How to change charset in Content-Type?

I host a website that has html files encoded using ISO-8859-1.
By default, Caddy adds the header

Content-Type: text/html; charset=utf-8

I can fix the problem for files named in the URL using

mime {
  .html "text/html; charset=ISO-8859-1"
}

But that does not work for the index.
When accessing domain/ instead of domain/index.html, the custom Content-Type set in mime above is not used.

How to change or remove the charset?

Howdy @andre, welcome to the Caddy community.

Caddy’s static fileserver doesn’t actually write the Content-Type header, it instead leverages the Go standard library to handle this while serving the file.

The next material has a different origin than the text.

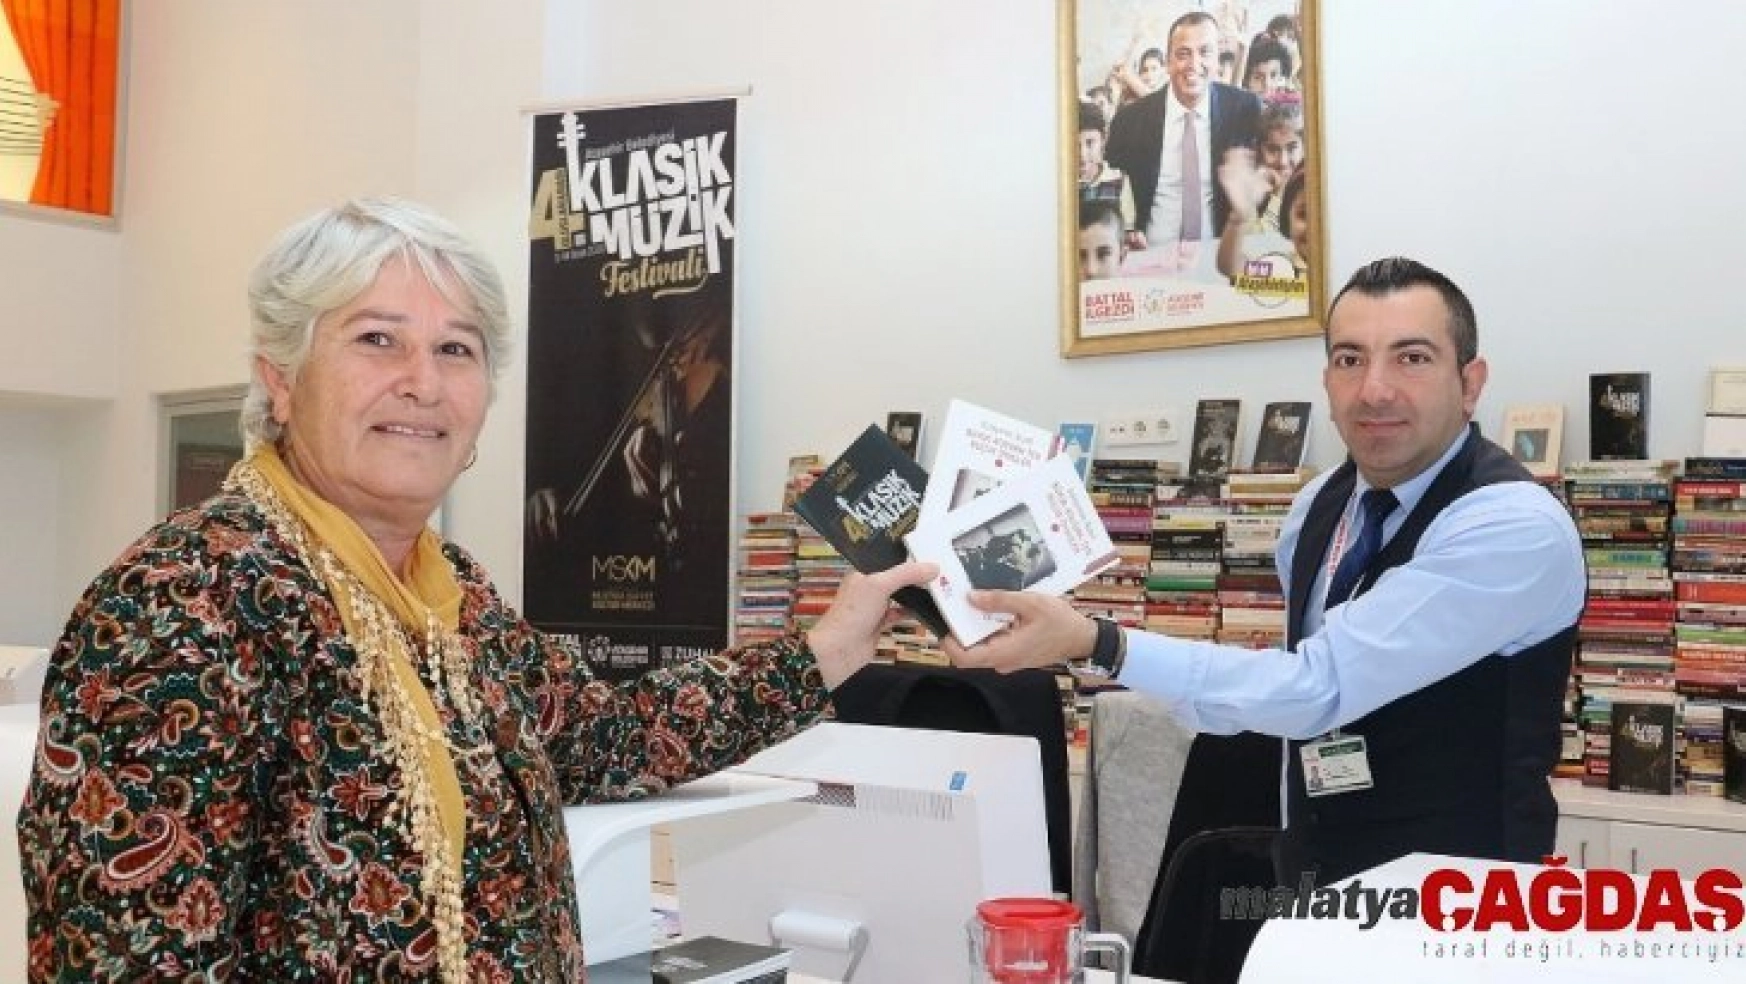 Ataşehir'de klasik müzik festivali'nde 'bir kitap, bir bilet' kampanyasıyla bin kitap toplandı

Here’s the behaviour of http.ServeContent:

If the response’s Content-Type header is not set, ServeContent first tries to deduce the type from name’s file extension and, if that fails, falls back to reading the first block of the content and passing it to DetectContentType.

http package - net/http - Go Packages

This doesn’t look good for your scenario, though. There’s two things I can think of to try:

  1. Rewrite to a .html file in case mime picks up the rewritten extension

Because rewrite executes before mime does, you might be able to rename index.html to home.html or similar and put in a rewrite from the index to the HTML file:

rewrite {
  if {path} is /
  to /home.html
}

Renaming the file on disk away from index.html is necessary because the static fileserver will otherwise canonically redirect it back to /.

This may not work - I haven’t tested it - but I suspect mime will pick up the rewritten file and to your visitors it will simply work. If it doesn’t, the next option is…

  1. Rewrite internally to a folder you know nobody’s going to use

Move index.html to foo/index.html, then rewrite:

rewrite {
  if {path} is /
  to /foo/
}

Then add header /foo/ Content-Type "text/html; charset=ISO-8859-1" to override the Content-Type header for this entire area.

Unfortunately, both options look a bit ugly.

Would the mime directive help here? https://caddyserver.com/docs/mime

Indeedily-do, but the issue appears to be that mime doesn’t operate without an extension, and when the index is requested, the extension is not part of the request and so mime does not operate. Even if an extension were part of the request - e.g. /index.html - the static fileserver would canonically redirect down to /, where mime doesn’t appear to be operating.